Two senior executives associated with collapsed crypto exchange FTX have pleaded guilty to multiple criminal charges and are cooperating with federal prosecutors, according to unsealed court records. Additionally, the pair face civil fraud charges from the Securities and Exchange Commission that were announced Wednesday night.
Gary Wang, the co-founder of FTX, and Caroline Ellison, who served as CEO of the hedge fund Alameda Research, pleaded guilty to multiple counts of conspiracy and fraud for their roles in the fraud scheme that led to the collapse of the crypto-trading platform.
Damian Williams, the US attorney for the Southern District of New York, announced the charges in a video message Wednesday night. In a brief statement, he reiterated that the investigation is still ongoing, noting specifically that these new charges in the case are not the last.
Ilan Graff, an attorney for Wang, said: “Gary has accepted responsibility for his actions and takes seriously his obligations as a cooperating witness.” Wang has already appeared in court for his guilty plea.
Ellison’s attorneys could not be immediately reached for comment.

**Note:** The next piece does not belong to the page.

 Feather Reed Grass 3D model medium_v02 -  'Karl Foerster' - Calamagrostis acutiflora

The charges were unsealed as Sam Bankman-Fried was enroute to the United States from the Bahamas, where he was arrested last week on an eight-count indictment for what Williams called one of the largest financial frauds in American history. Bankman-Fried waived his right to contest extradition on Wednesday and boarded a plane for the United States in the early evening.

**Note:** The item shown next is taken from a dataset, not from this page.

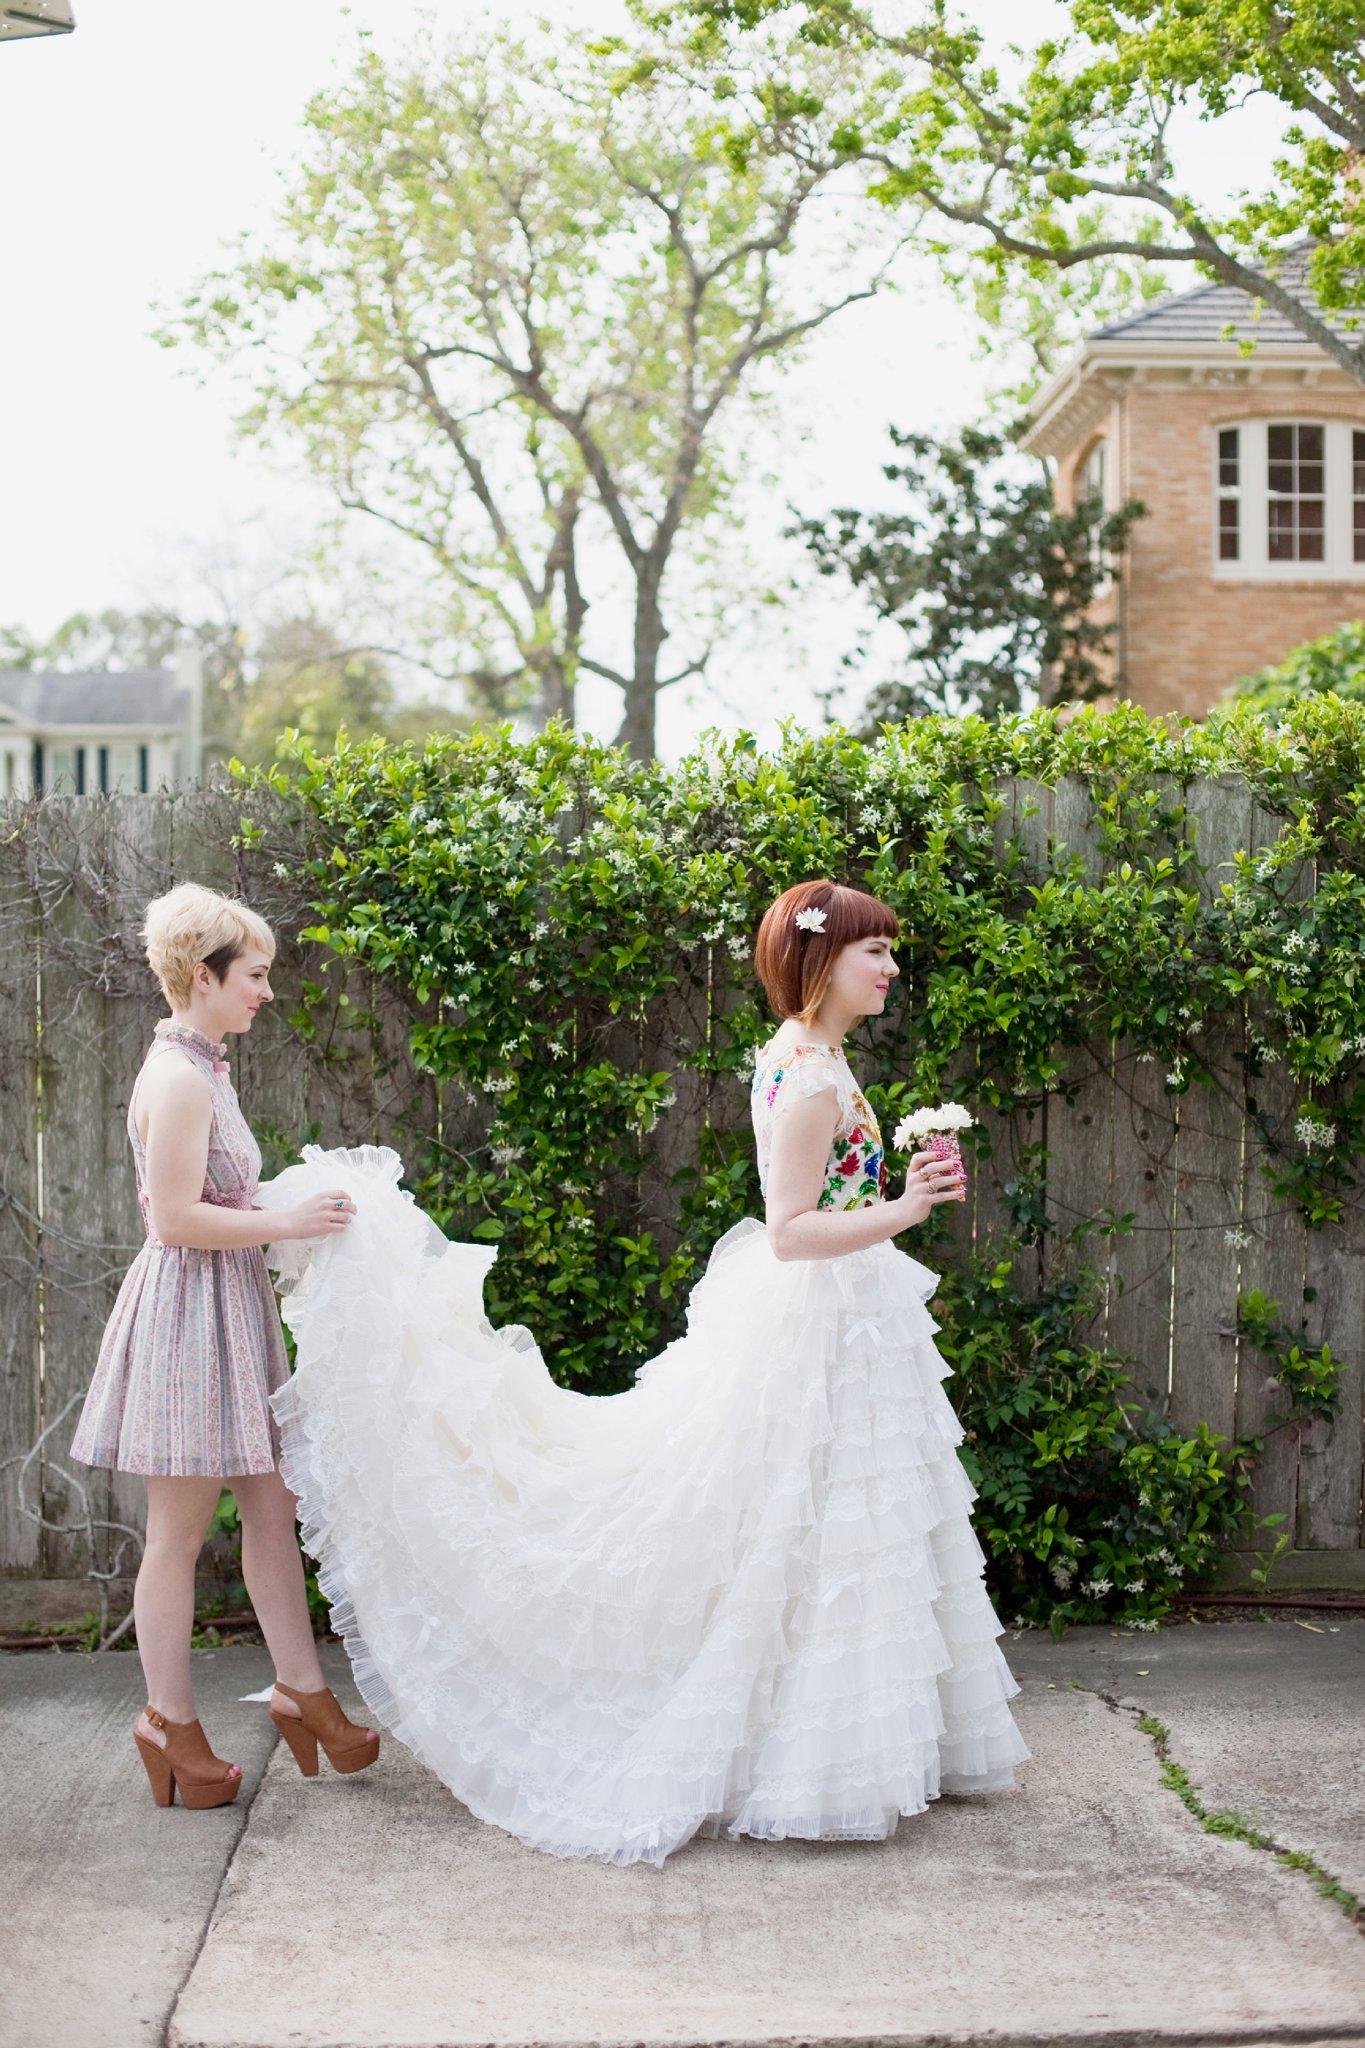 eclectic texan wedding the connoisseur of cute wedding texas wedding photographer shannon griffin photography_0014.jpg

Bankman-Fried is expected to appear before a judge in Manhattan on Thursday. Prosecutors and his attorneys have been in discussions about a bail package that would allow him to avoid detention, people familiar with the matter told CNN.

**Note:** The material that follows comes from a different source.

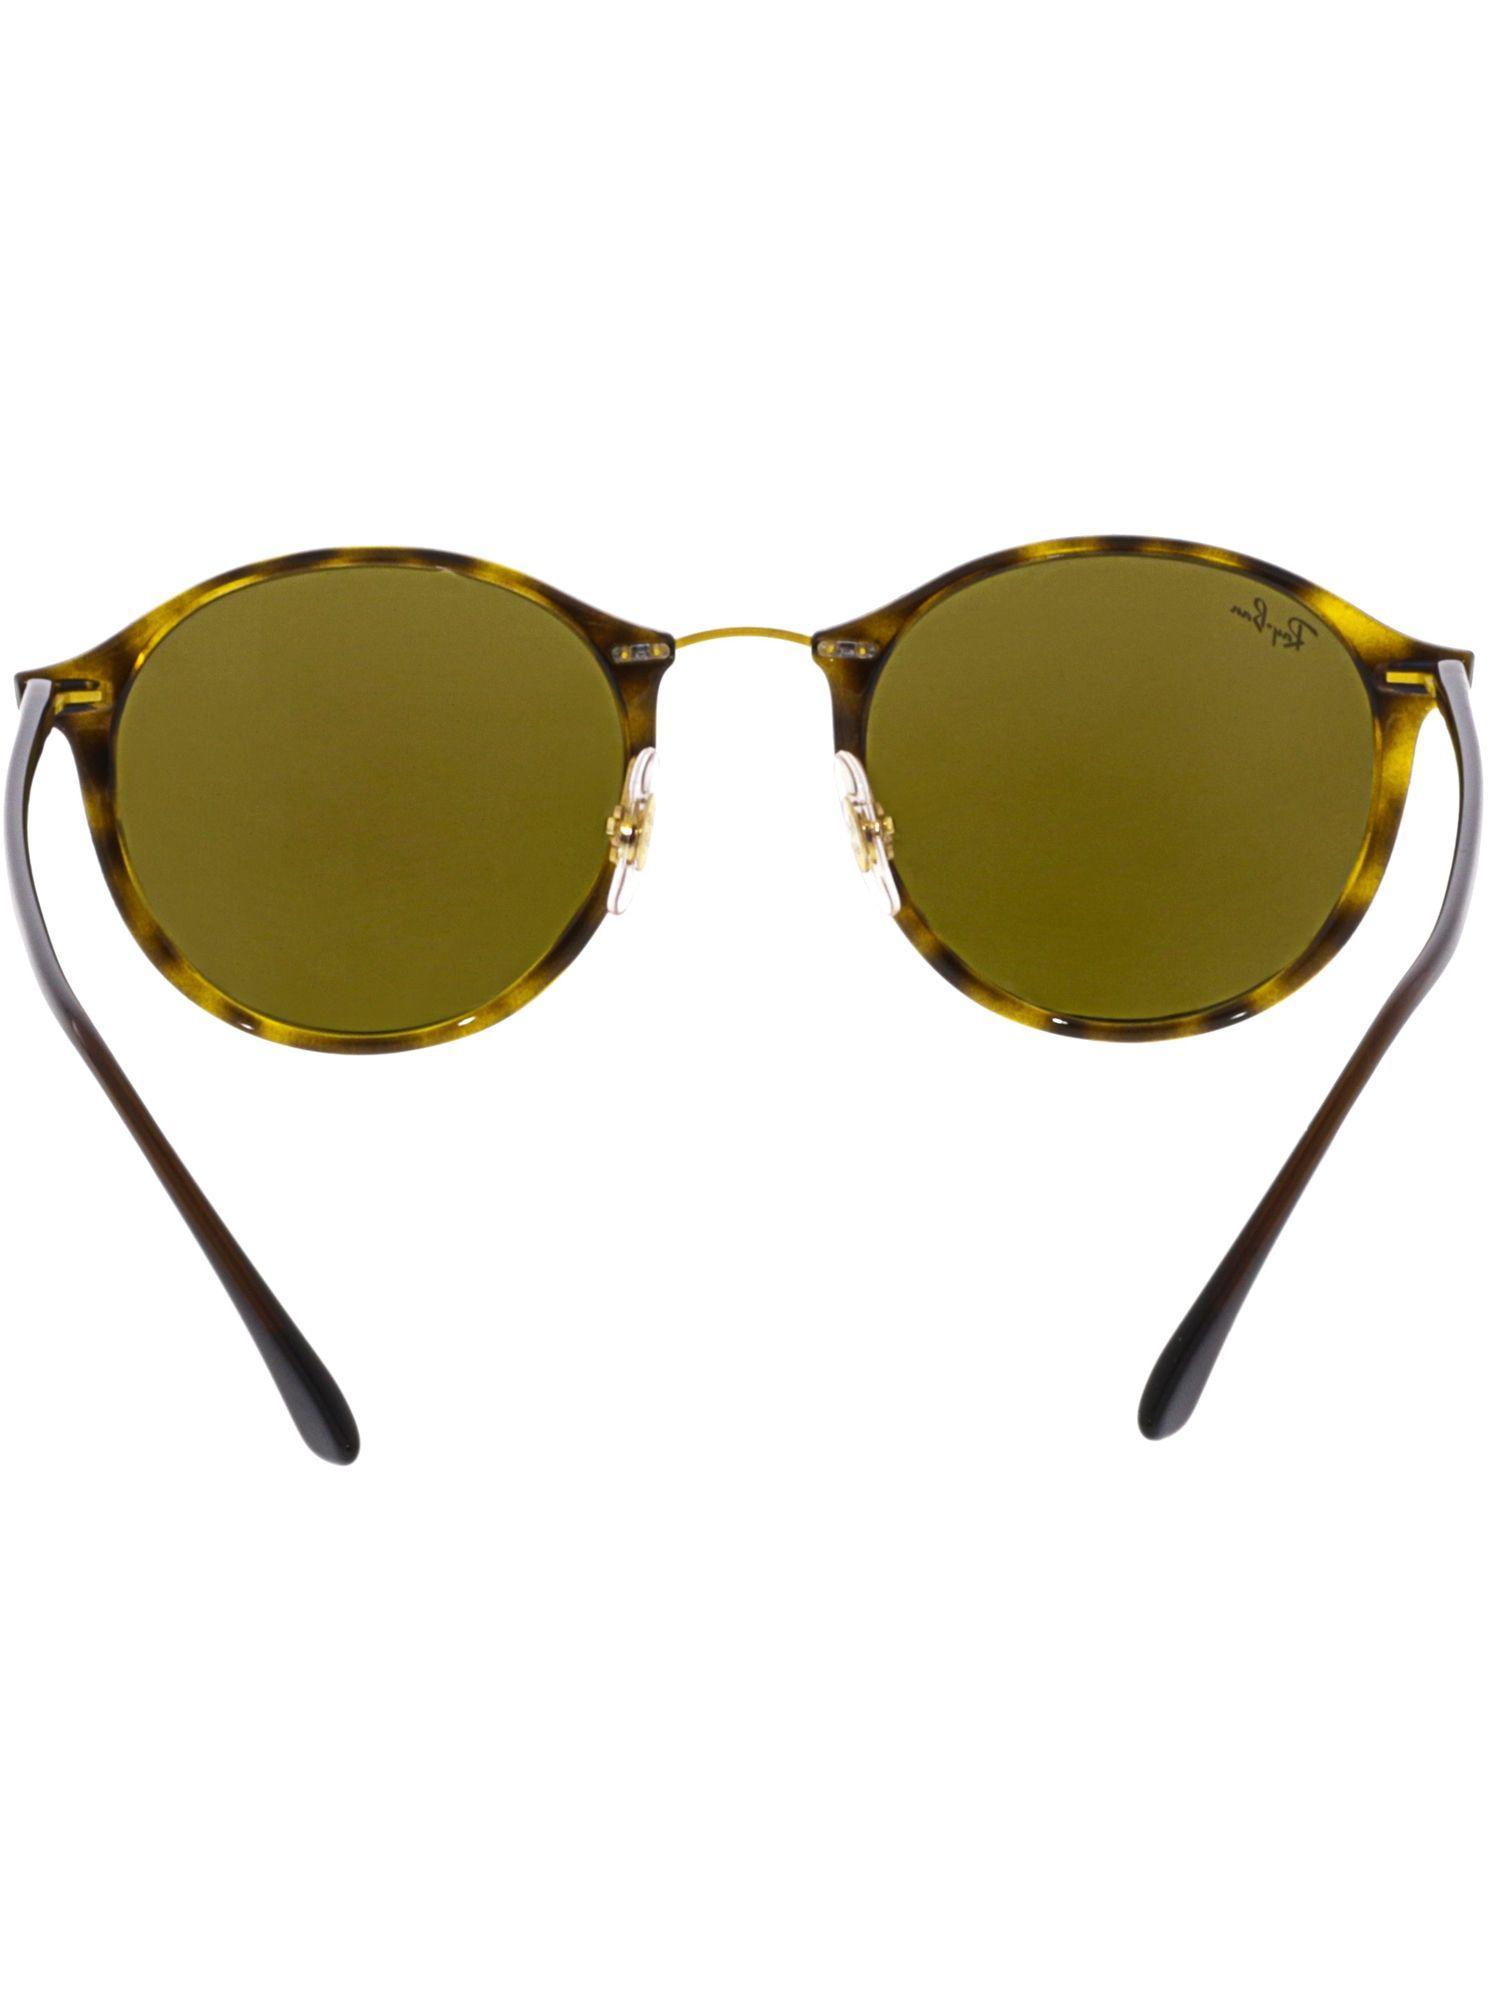 c849d3e4b7 Lyst - Ray-Ban Rb4242 Sunglasses for Men

Wang cofounded FTX with Bankman-Fried in 2019 and also worked with him at his hedge fund Alameda Research. Ellison became CEO of Alameda in October 2021, according to court filings.
Prosecutors allege Bankman-Fried engaged in multiple fraudulent schemes. Among them, they allege that Bankman-Fried stole money from FTX customers to support Alameda, made investments in other companies, bought luxury real estate and donated tens of millions of dollars to political campaigns.
In letters dated Sunday, December 18, and signed the following day, Ellison and Wang agreed to plead guilty and cooperate with prosecutors.
Ellison is pleading guilty to seven counts, including wire fraud, conspiracy to commit money laundering, conspiracy to commit securities fraud, conspiracy to commit commodities fraud and conspiracy to commit wire fraud. She is charged with the same crimes as Bankman-Fried, except for the campaign finance charges.
Wang has agreed to plead guilty to four counts: wire fraud, conspiracy to commit wire fraud, conspiracy to commit commodities fraud and conspiracy to commit securities fraud.
“As I said last week this investigation is very much ongoing and it’s moving very quickly,” Williams said. “I also said last week’s announcement would not be our last and let me be clear, once again, neither is today’s.”
Duo also faces civil charges
Federal regulators also charged Ellison and Wang with playing starring roles in a years-long scheme to defraud FTX investors.
The Securities and Exchange Commission allege that Ellison and Wang actively participated in a “scheme to defraud” the investors. Between 2019 and 2022, Ellison manipulated the price of FTT, FTX’s security token, “at the direction of” Bankman-Fried, regulators alleged. The SEC said this manipulation was conducted by purchasing large quantities of FTT on the open market to prop up its price.
Regulators say this alleged manipulation inflated the holdings of Alameda, overstated the hedge fund’s balance sheet and “misled” investors about FTX’s risk exposure.
“When FTT and the rest of the house of cards collapsed, Mr. Bankman-Fried, Ms. Ellison, and Mr. Wang left investors holding the bag,” SEC Chairman Gary Gensler said in a statement.
Wang created FTX’s source code that allowed Alameda to divert FTX customer funds and Ellison used misappropriated funds for the hedge fund’s trading activity, according to the SEC.
“Ellison and Wang were active participants in the scheme to deceive FTX’s investors and engaged in conduct that was critical to its success,” the SEC said in a release.